> [INFORMATION SHOWN]:
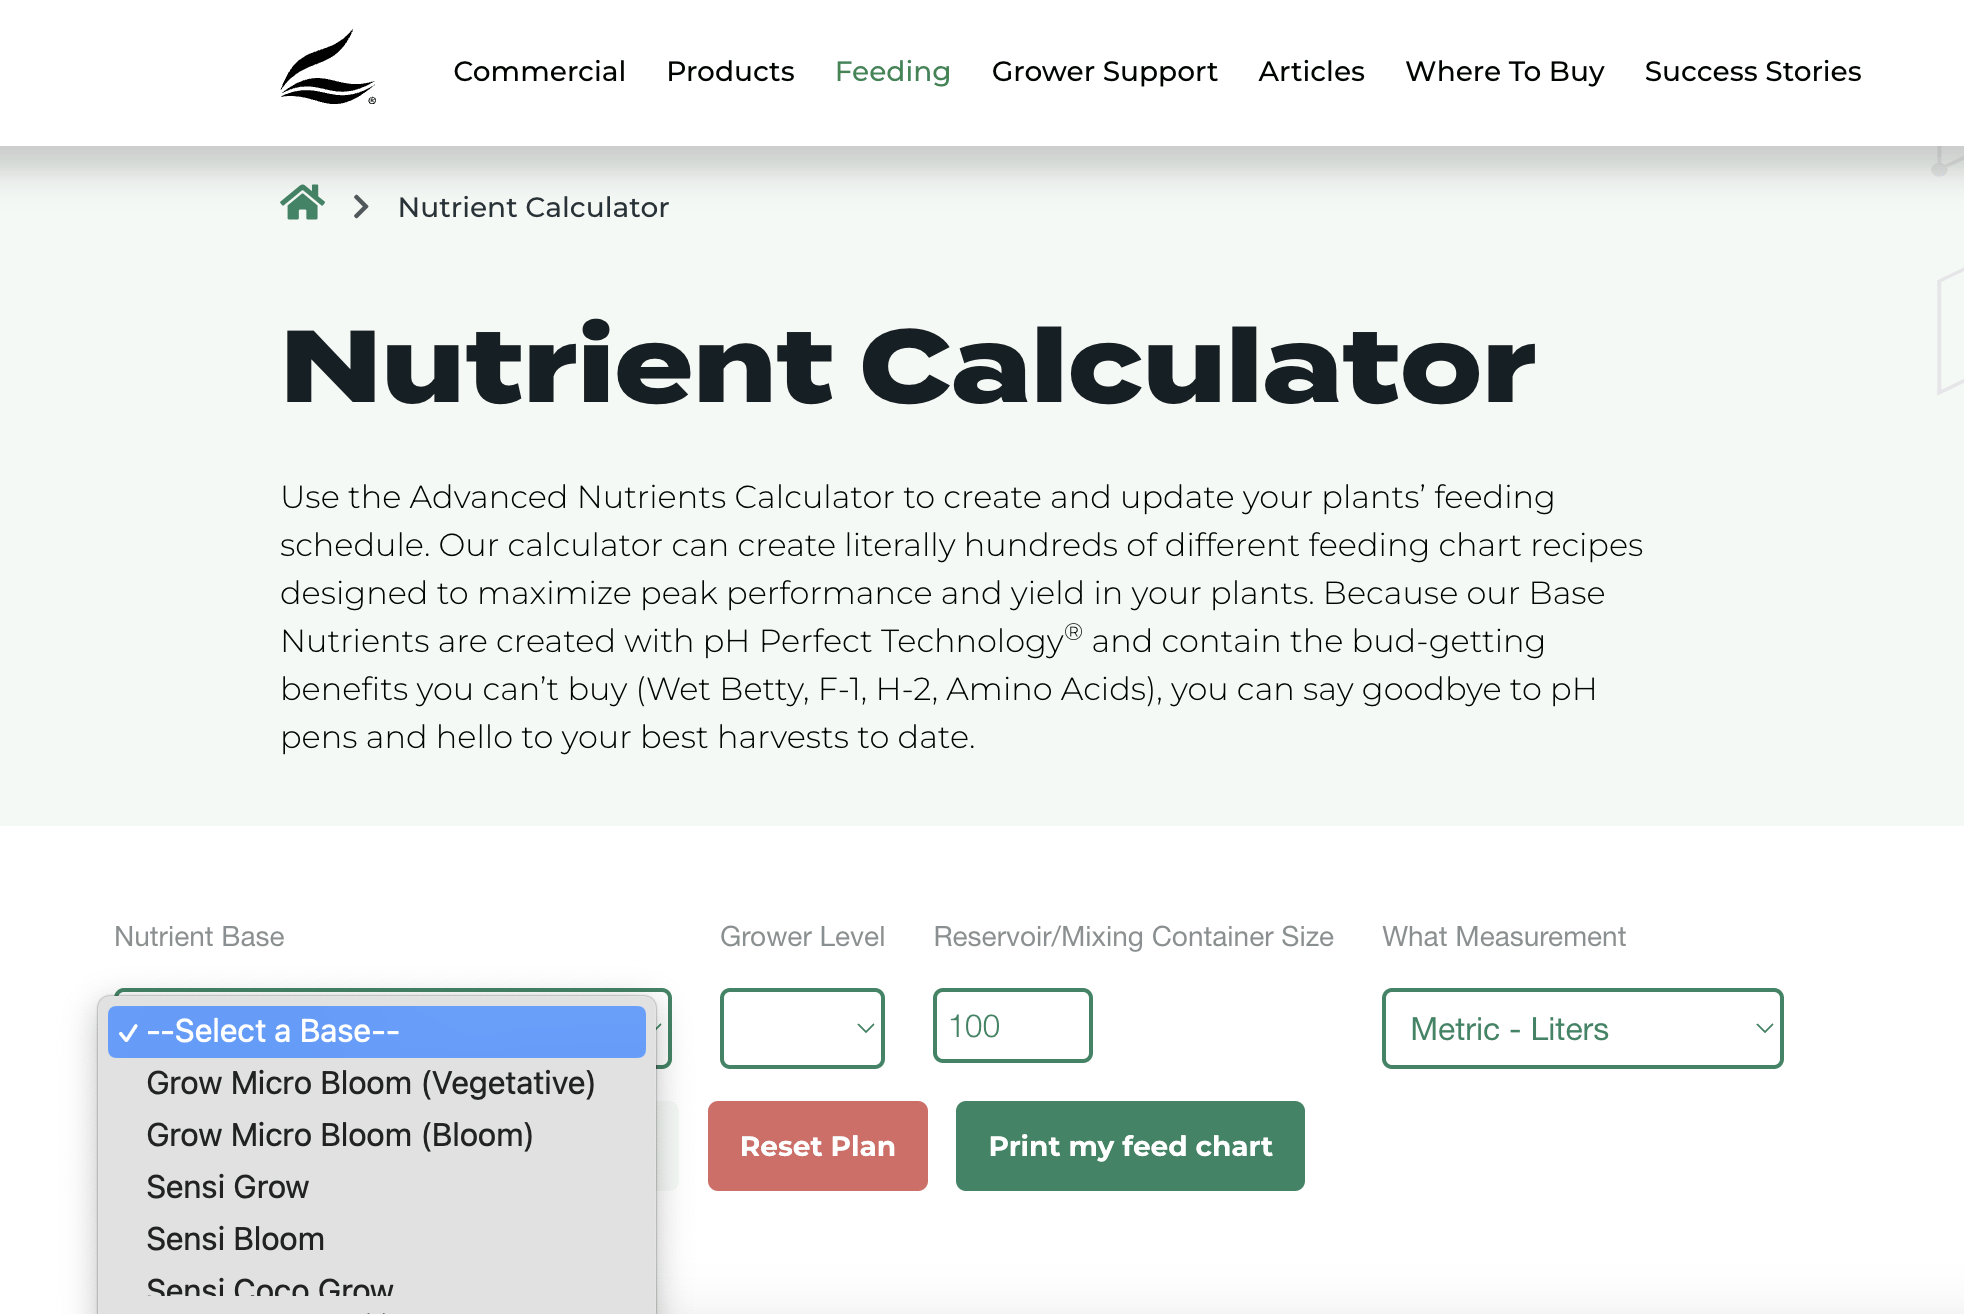 nutrient-calculator-base-selection-community.png
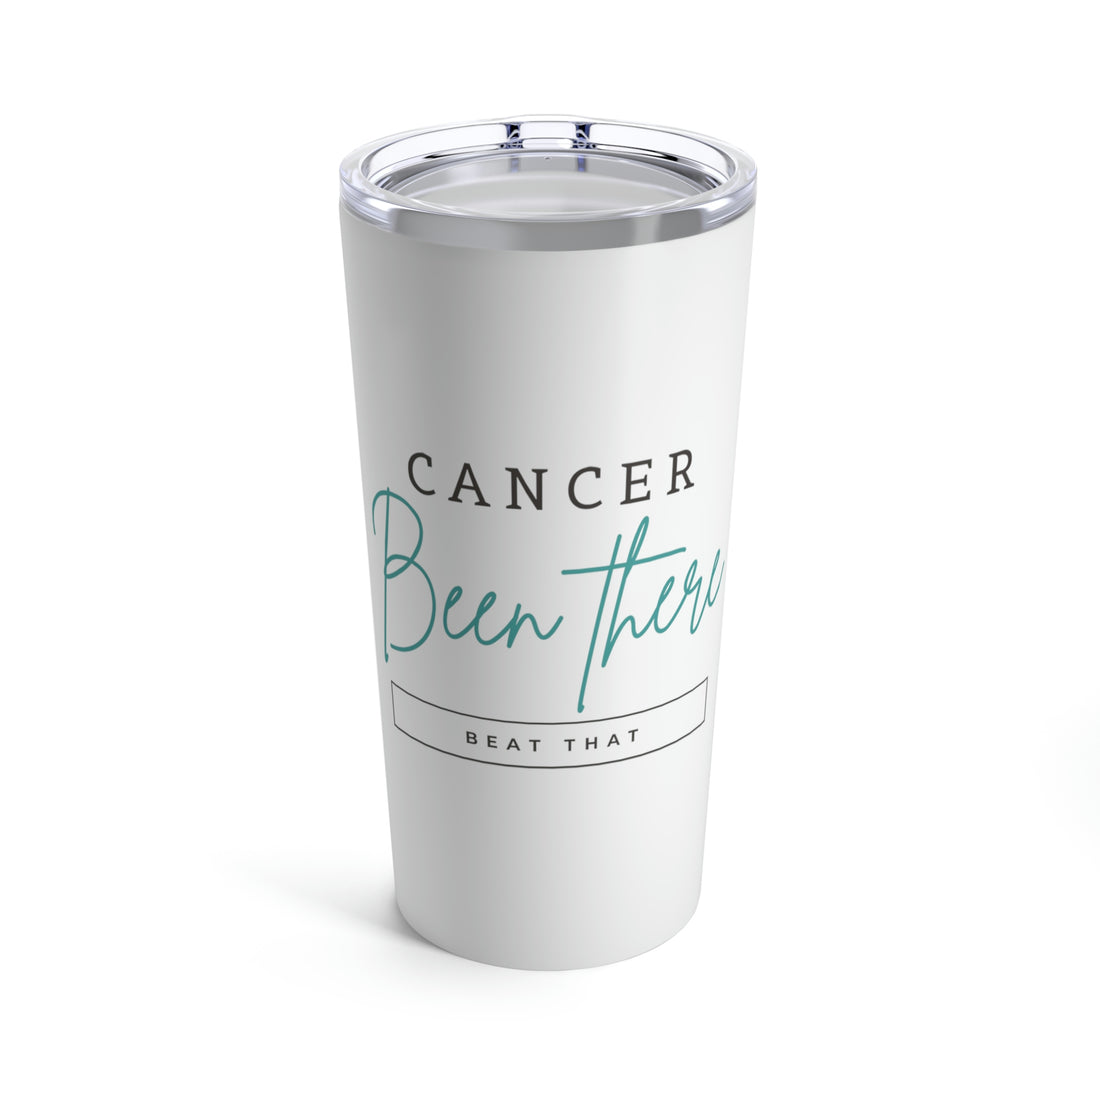 Cancer Been There Beat That - White Tumbler 20oz
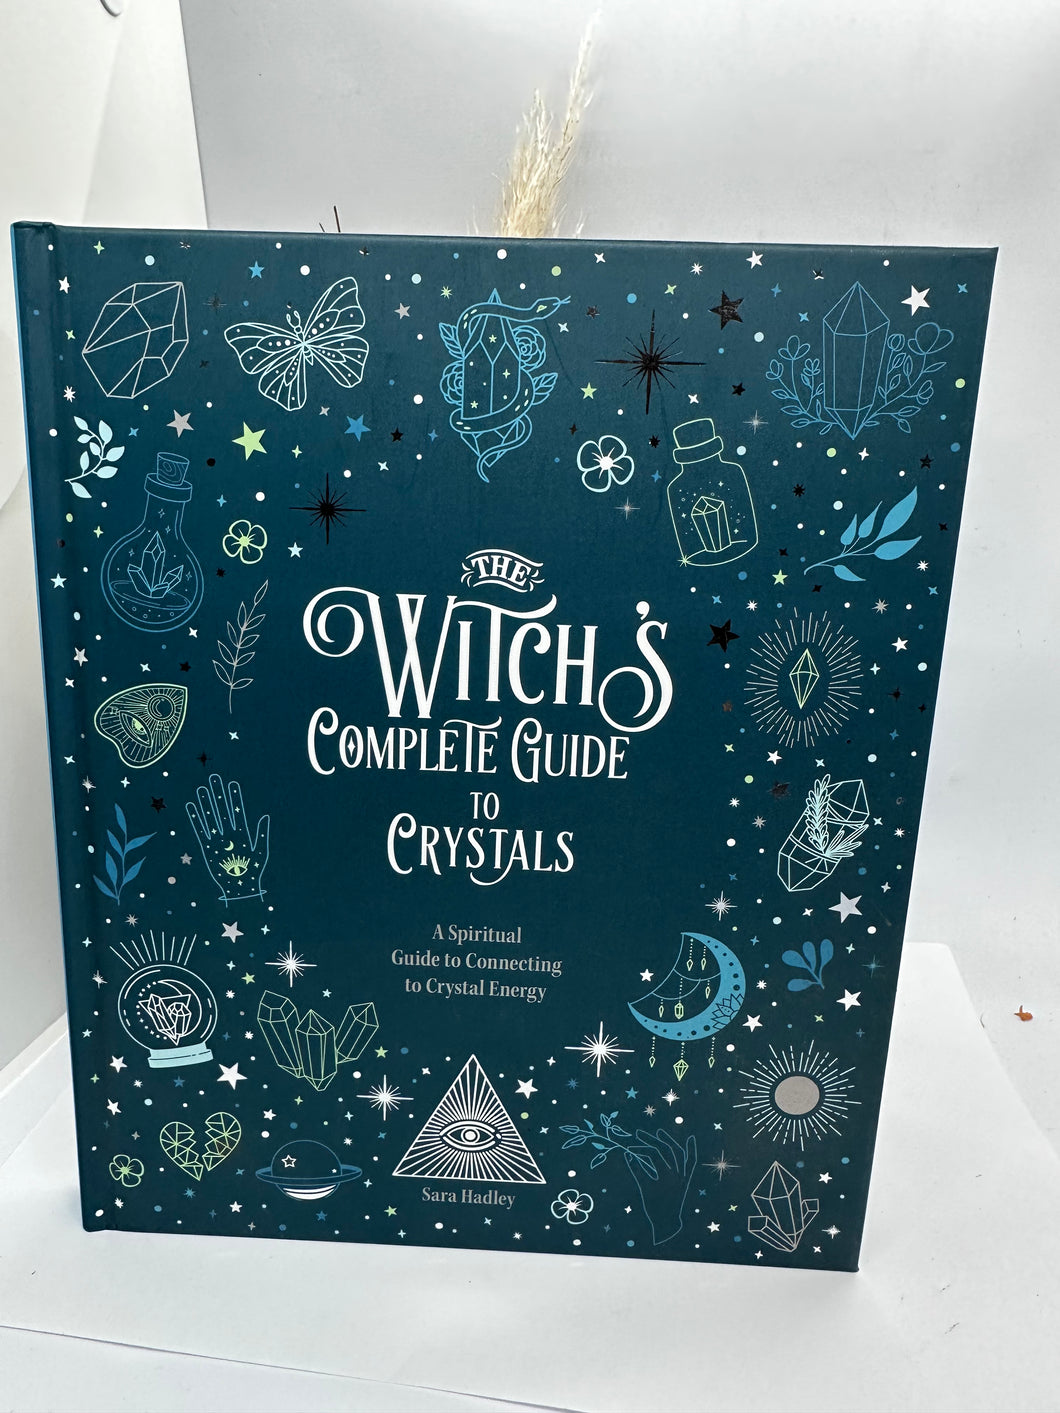 The Witches Complete Guide to Crystals

> [EXERCISE DESCRIPTION]:
All lines from the one containing "Cancer Been There" through the end of the data are to be written out exactly, with nothing added; skip the pictures.

> [RESULT OF THIS TASK]:
 Cancer Been There Beat That - White Tumbler 20oz
 The Witches Complete Guide to Crystals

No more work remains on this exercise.